MARIE-GEORGE BUFFET, « Je partage votre position. La contamination dans les prisons est une réalité qui doit être reconnue par tous et toutes. Comme s’accordent à le démontrer les instances nationales et internationales de lutte contre le sida, les programmes d’échanges de seringues et la mise à disposition de préservatifs sont des éléments de prévention essentiels. Notre pays devrait s’inspirer de leurs recommandations. »

LAURENT, « Les détenus ont des droits eux aussi. Les prisons ne doivent pas être des zones de non droits pour les détenus. J’ai commis des erreurs et la société m’a jugé pour cela, mais lorsque je suis arrivé en prison, j’ai été confronté à une violence quotidienne qui va au-delà de ce que les gens imaginent. Je me suis senti comme un sous-citoyen, sans aucuns droits. En 1991, le gouvernement de l’époque a autorisé un accès à l’échange de seringues en pharmacie mais en prison, la situation est bien plus compliquée, le taux de contamination y est six fois plus élevé qu’à l’extérieur et il y a une seringue pour cinq détenus ! Faute de distribution de seringues en prison, les personnes utilisent ce qu’elles ont ».

MARIE-GEORGE BUFFET, «  L’accès aux soins pour tous et toutes est un droit. L’égal accès à ce droit doit être garanti par l’Etat par le biais de mesures concrètes. La sécurité ne doit pas servir de prétexte pour priver les détenus de leur droit à la santé. Par ailleurs, à l’occasion de visites de centres pénitentiaires, j’ai pu constater que les personnels manquent de moyens pour mener des actions de prévention et de soin dans de bonnes conditions. La surpopulation carcérale s’ajoute à cela et constitue un facteur aggravant en matière de diffusion de l’épidémie ».

LAURENT, « Oui, parlons de la drogue. Nier la drogue en prison, c’est éviter d’y répondre. Tout le monde le sait mais aucun moyen n’est mis en place pour en gérer les conséquences ».

MARIE-GEORGE BUFFET, « En premier lieu, il faut reconnaître la présence de la drogue en prison et agir pour limiter les conséquences de sa diffusion tant pour les détenus que pour les personnels.

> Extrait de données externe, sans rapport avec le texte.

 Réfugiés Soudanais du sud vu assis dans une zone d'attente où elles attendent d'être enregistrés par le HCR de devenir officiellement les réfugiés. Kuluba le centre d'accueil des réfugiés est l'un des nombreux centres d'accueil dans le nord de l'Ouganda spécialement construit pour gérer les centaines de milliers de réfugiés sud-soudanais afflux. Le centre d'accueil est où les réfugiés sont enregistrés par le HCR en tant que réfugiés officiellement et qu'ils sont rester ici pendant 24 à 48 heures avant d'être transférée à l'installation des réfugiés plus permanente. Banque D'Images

Mais à côté de cela, il faut mener des actions de prévention et de soin ambitieuses ».

LAURENT, « Une prison va s’ouvrir prochainement à Melun et un seul médecin sera présent pour 700 détenus ! Comment voulez-vous garantir des soins adaptés dans cette situation ? ».

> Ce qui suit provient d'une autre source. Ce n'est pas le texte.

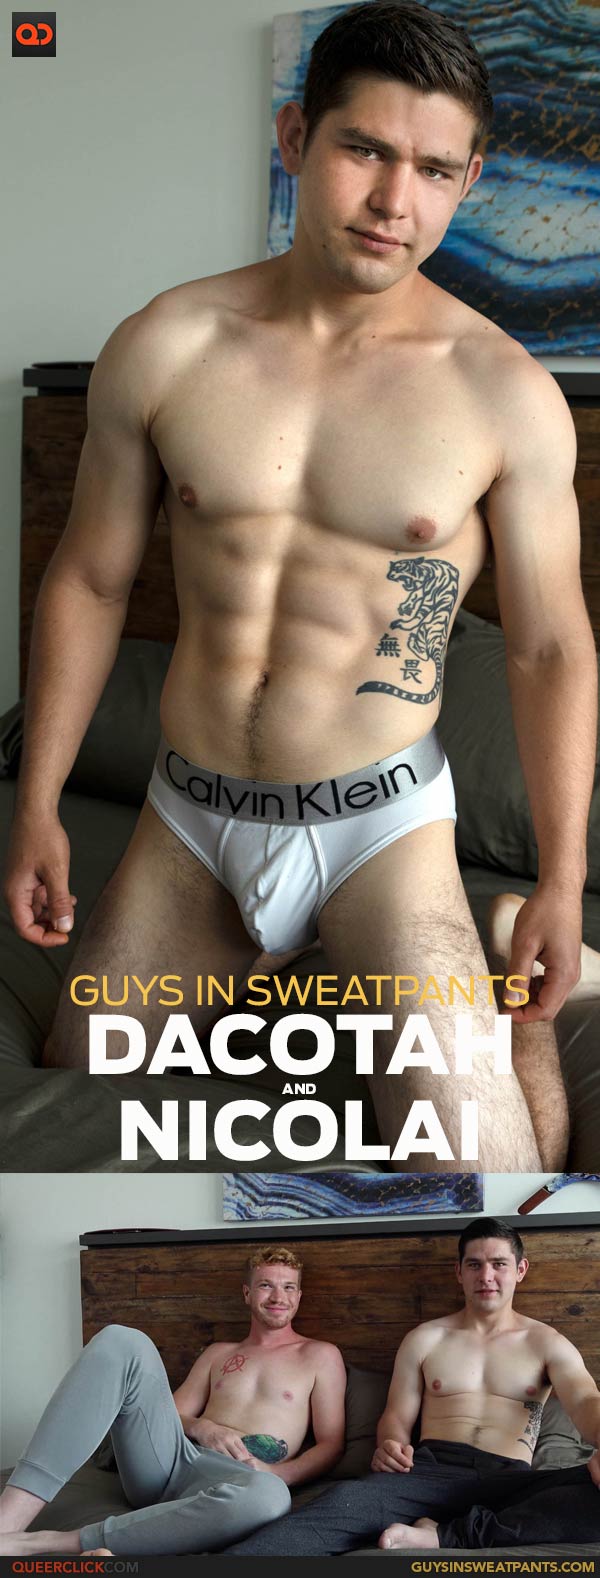 Guys in Sweatpants: Nicolai and Dacotah

MARIE-GEORGE BUFFET, « Certains détenus ont besoin de soins spécifiques, mais ils ne bénéficient pas toujours de conditions d’accès appropriées à ceux-ci. Le sida est encore tabou dans les prisons. Certains évitent de regarder en face à cette situation, mais les élu-e-s politiques sont en responsabilité vis-à-vis des questions de santé en prison. C’est pour cette raison que j’ai tenu à évoquer le sujet à l’Assemblée nationale, car c’est l’un des lieux où des décisions peuvent et doivent être prises ».

LAURENT, « Nous n’attendons pas de la pitié mais l’accès à nos droits, comme tout citoyen ».

MARIE-GEORGE BUFFET, « La question de la reconnaissance des droits est primordiale dans la façon d’aborder le VIH-sida en prison. Vous vous battez dans cet objectif, je ne peux que partager ce combat ».

LAURENT, « J’ai eu de la chance si je peux dire car en prison, j’avais la lecture et l’écriture. C’est ce qui m’a aidé à sortir de prison ; c’est ce qui m’a permis d’éviter de sombrer comme tant d’autres. Pour ceux qui n’ont pas cette possibilité, je veux me battre car il faut changer cette situation dans les prisons. Ce n’est pas digne d’un pays comme la France ».

Note :

Mercredi 29 juin 2011, Bernard Thomasson, sur France Info, recevra Jean Luc ROMERO président de l’association ELCS (Elus Locaux contre le Sida) à cette occasion une interview avec Marie George BUFFET et moi-même sera diffusée entre 12h45 et 13h.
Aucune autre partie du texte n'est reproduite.